This would still be risky to ship for us as it means the whole layer of logic dedicated to the grandpa-issued reorg was not used for a while now and may contain bugs or just be broken cause of being stale...

We'll think about how to test this. So far we have thought about replicating the scenario of having 1k+ validators on our load-test facilities - but in our prior load tests we haven't seen the finality stalls like we see in the live chain; that might be due to not running for enough time, or due to other conditions - so it unlikely we'll have an accurate test for this in the load testing environment.

Any thoughts on how to trigger this bug in the live-like environment?

andresilva commented 1 month ago

I think besides any significant changes to make sure the issue happens (e.g. changing vote logic to make sure validators vote on abandoned forks explicitly), the easiest way would be to make forks more likely to happen and hence make it more likely for the issue to surface. I think changing https://github.com/humanode-network/humanode/blob/master/crates/humanode-runtime/src/constants.rs#L49 to (1, 1) should make forks more prevalent, reducing block time might also help.

This shouldn't be changed on any live chain though, since these parameters can't be changed dynamically. You'd need to bootstrap a new test chain.

MOZGIII commented 1 month ago

Great idea!
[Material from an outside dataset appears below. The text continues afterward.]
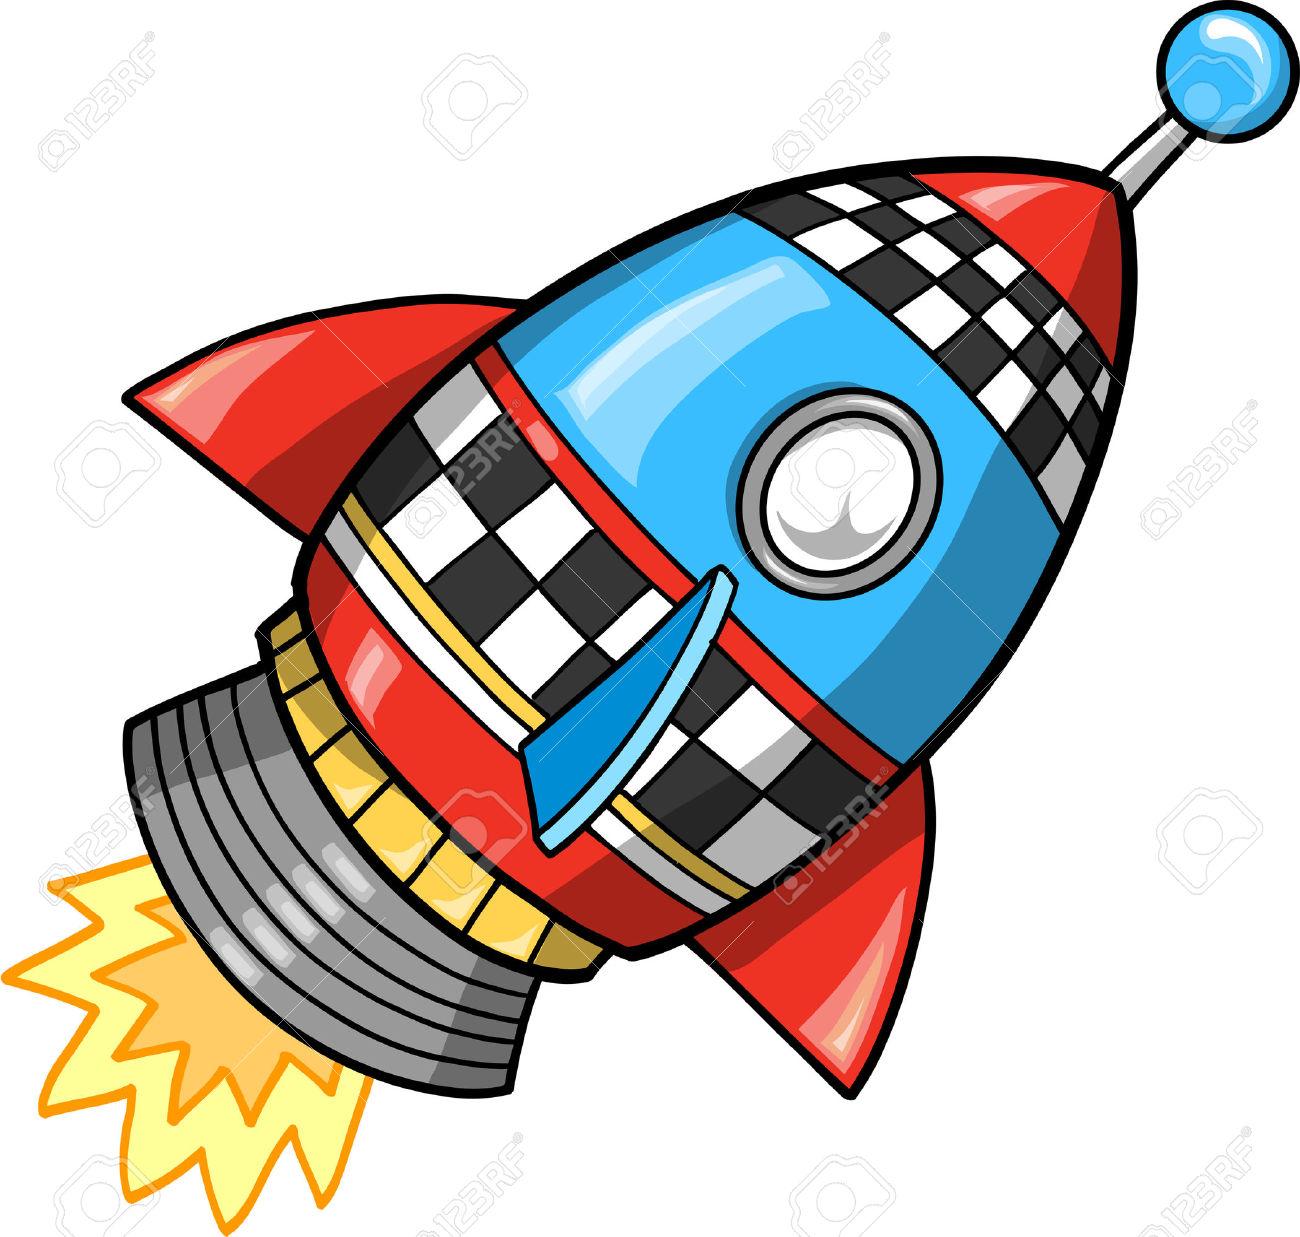 Cliparts free download best. Spaceship clipart spacecraft

We will also change the block time from 6s to 1s for more stress...

Pretty sure it is fine, but just to double check - is it safe to ship https://github.com/humanode-network/humanode/commit/f5bccf0d13193e070aeef1472a2a4726e836cd93 ? Should not cause anything problematic afaik.

andresilva commented 1 month ago

Yes, don't see any problem with that (and should make the issue less likely to happen).

For the test above you can also remove the BeforeBestBlockBy rule to make sure the validators always vote for the latest block, which should make issues with reorgs even more likely!

MOZGIII commented 1 month ago

Great!

To summarize, we'll test your fix with the following:

(1, 1) primary at babe
1s block production time
removed BeforeBestBlockBy at voting rules

UPD: implemented at https://github.com/humanode-network/humanode/pull/1106

MOZGIII commented 1 month ago

Some new input, as the chain stalled again just now:

last finalized block 8745707 0x3c97148e16cc04c5df90b96f64f37d9dddf083468a6c4df2dd447f5396df58fd
epoch start 8745697 0xce0fac61989be9f69a27c5671e71b40f2adc579c231b933a613c5ab103fd5f7a (10 blocks away)
Reorg on #8745708,0x191a…c58d to #8745711,0xfb9c…21bc, common ancestor #8745707,0x3c97…58fd - to the future

MOZGIII commented 1 month ago

We did not push the fix just yet, only the bigger finalization delay

But we see this:

The issue seems to be that once the prevote for a round goes out it then can't progress and the grandpa stalls.

@andresilva @bkchr let me know if you need access to our infra

MOZGIII commented 1 month ago

Maybe some peers are not voting in the round because of the bug (and some do - like the one we have above), and thus the whole consensus stalls, as if the amount of online nodes is less that quorum...

Only 39% of the nodes have applied the finality delay update according to https://telemetry.humanode.io

andresilva commented 1 month ago

Yes, you'd need >66% of the nodes on the new version for it to effectively take effect.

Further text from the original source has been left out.